A blistering Russian-backed assault since February 18 on the last opposition bastion near Damascus had splintered rebel territory into three shrinking pockets, each held by different factions.

Damascus and its ally Moscow have implemented a “leave or die” strategy with deadly air strikes on the enclave as they look to end six years of opposition control.

State television said the town of Harasta had “been emptied of terrorists” after a deal that saw fighters from Islamist group Ahrar al-Sham and their families bussed to northwestern Idlib province, still largely rebel-held.

The evacuation extended regime dominance to over 90 percent of the bombed-out Ghouta enclave that the rebels have clung to through years of punishing government siege, a Britain-based war monitor said.

President Bashar al-Assad’s forces look set to expand their control soon over another key area after Islamist group Faylaq al-Rahman struck a deal to evacuate starting at 0700 GMT on Saturday.

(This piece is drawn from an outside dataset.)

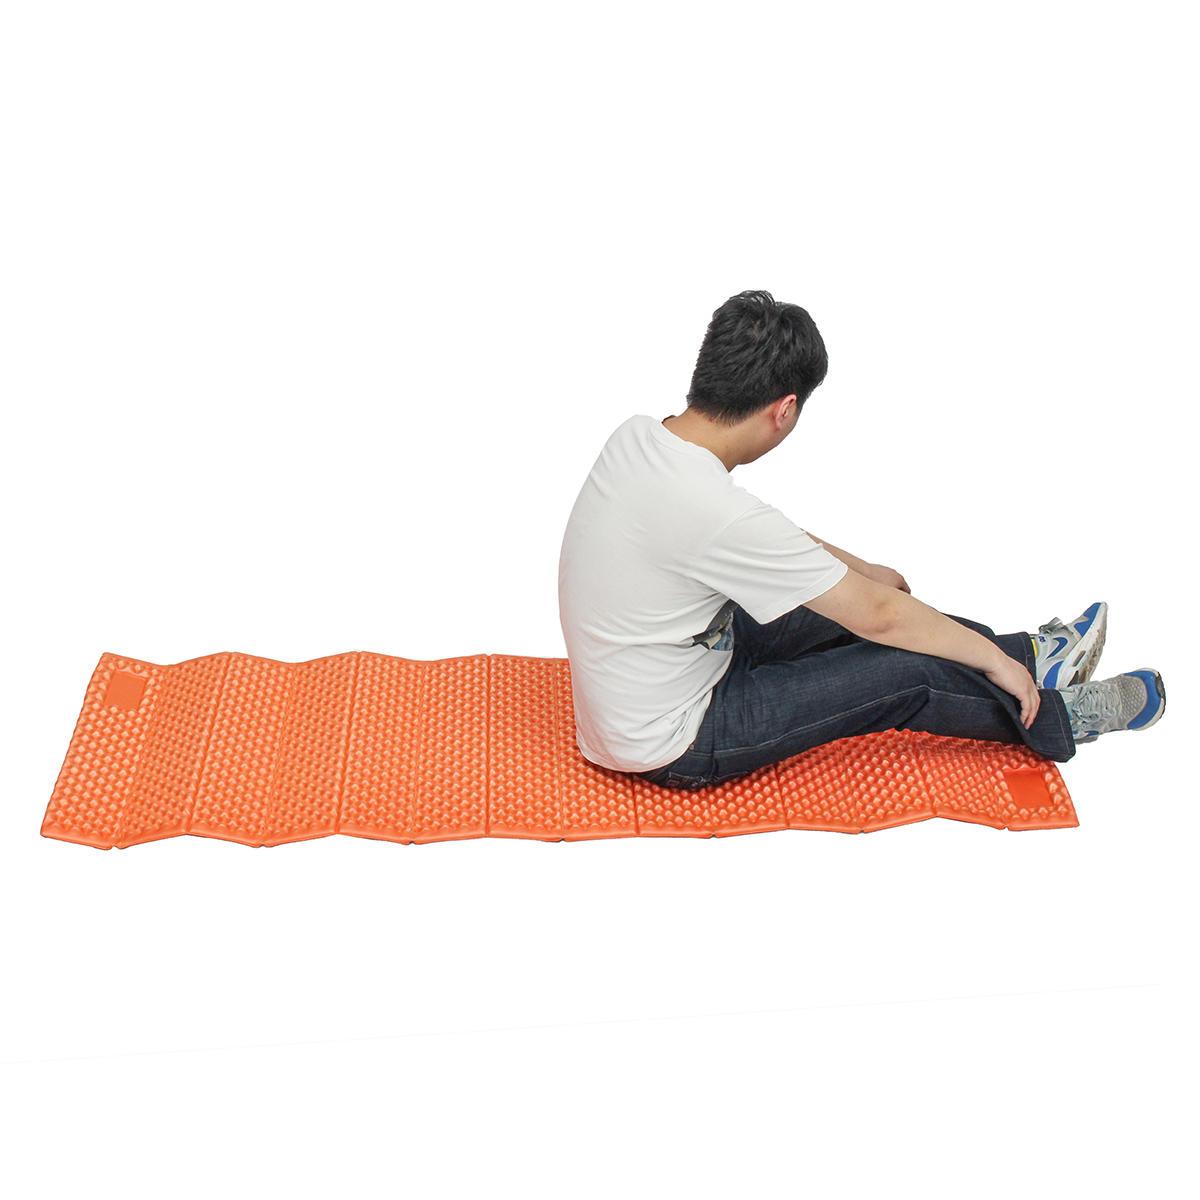 22.4x72inch Airtrack Yoga Mats Portable Ultralight Indoor Outdoor Camping Beach Sleeping Mat Picnic Moistureproof Folding Egg Slot Pad Bed
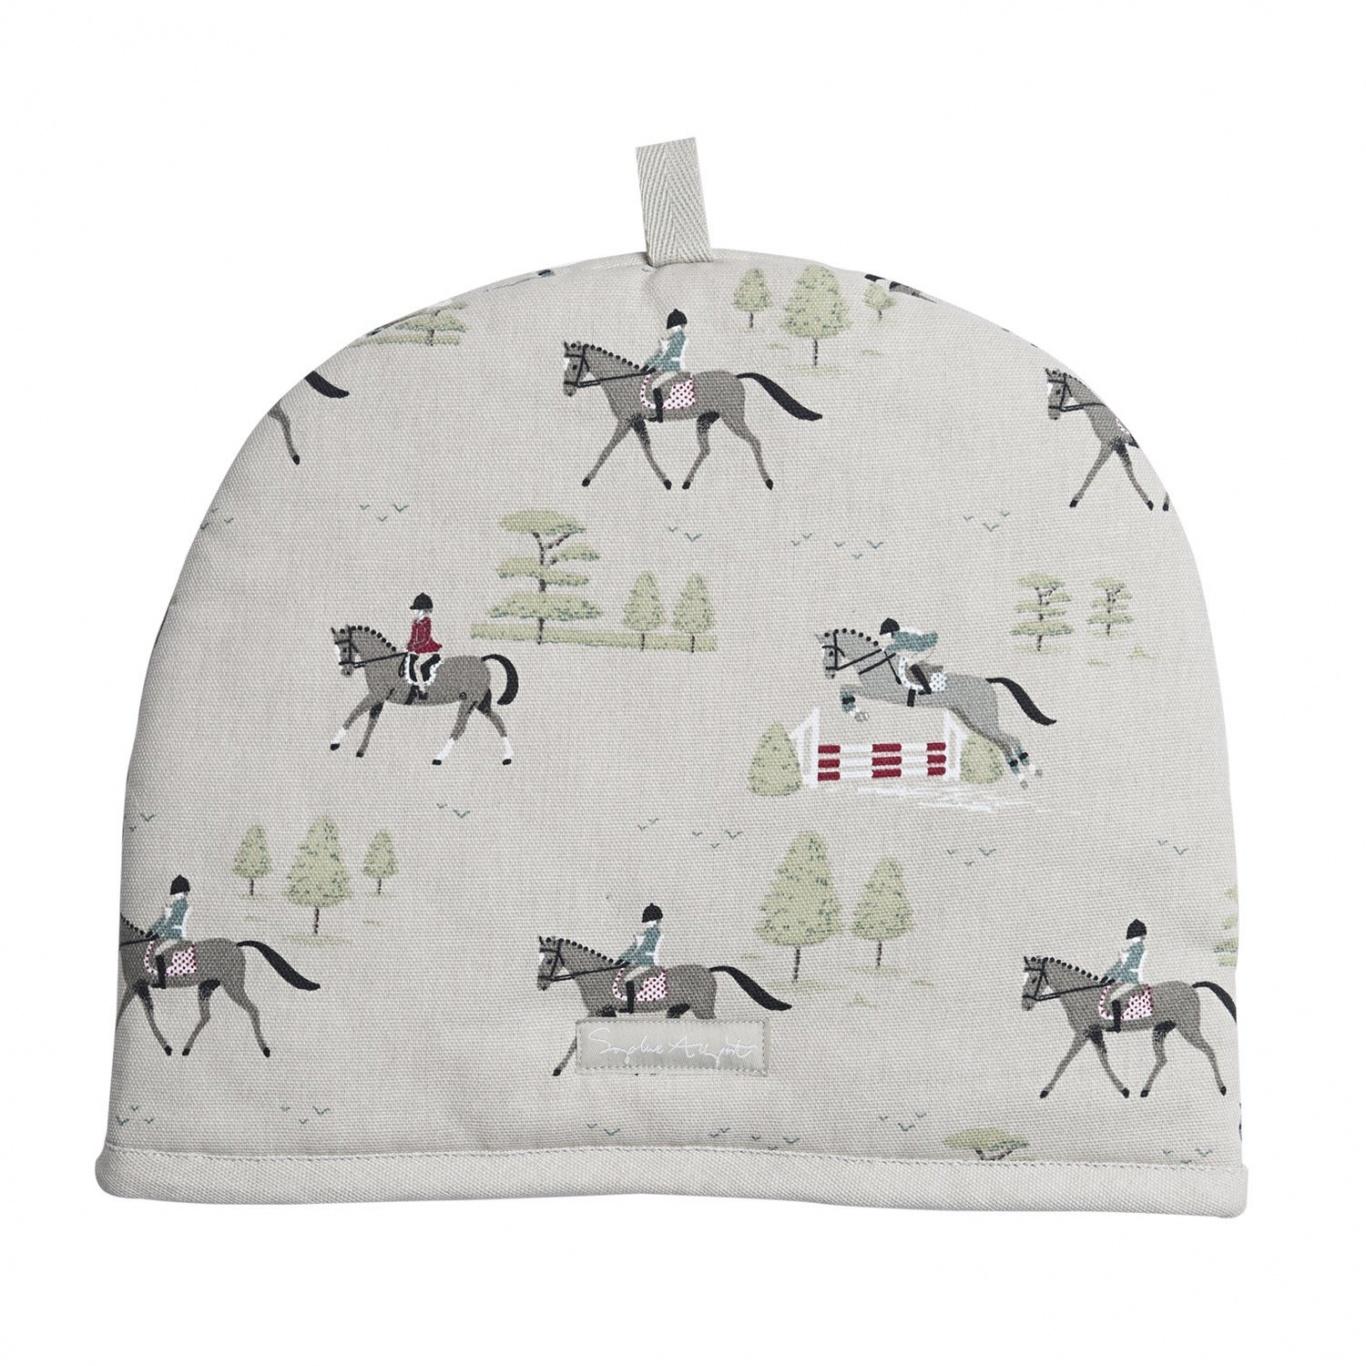 Image of Sophie Allport Horses Tea Cosy

The agreement will see a southern stretch of territory that includes the towns of Zamalka, Arbin and Ain Tarma cleared, while talks are under way over the third and final pocket, around Ghouta’s main town of Douma.

The withdrawal deal came after Russian air strikes using “incendiary munitions” hit the town of Arbin late Thursday, killing 37 civilians, according to the Britain-based Syrian Observatory for Human Rights. AFP reporters saw similar munitions fall on Douma.

But Russia denied it was carrying out any such strikes.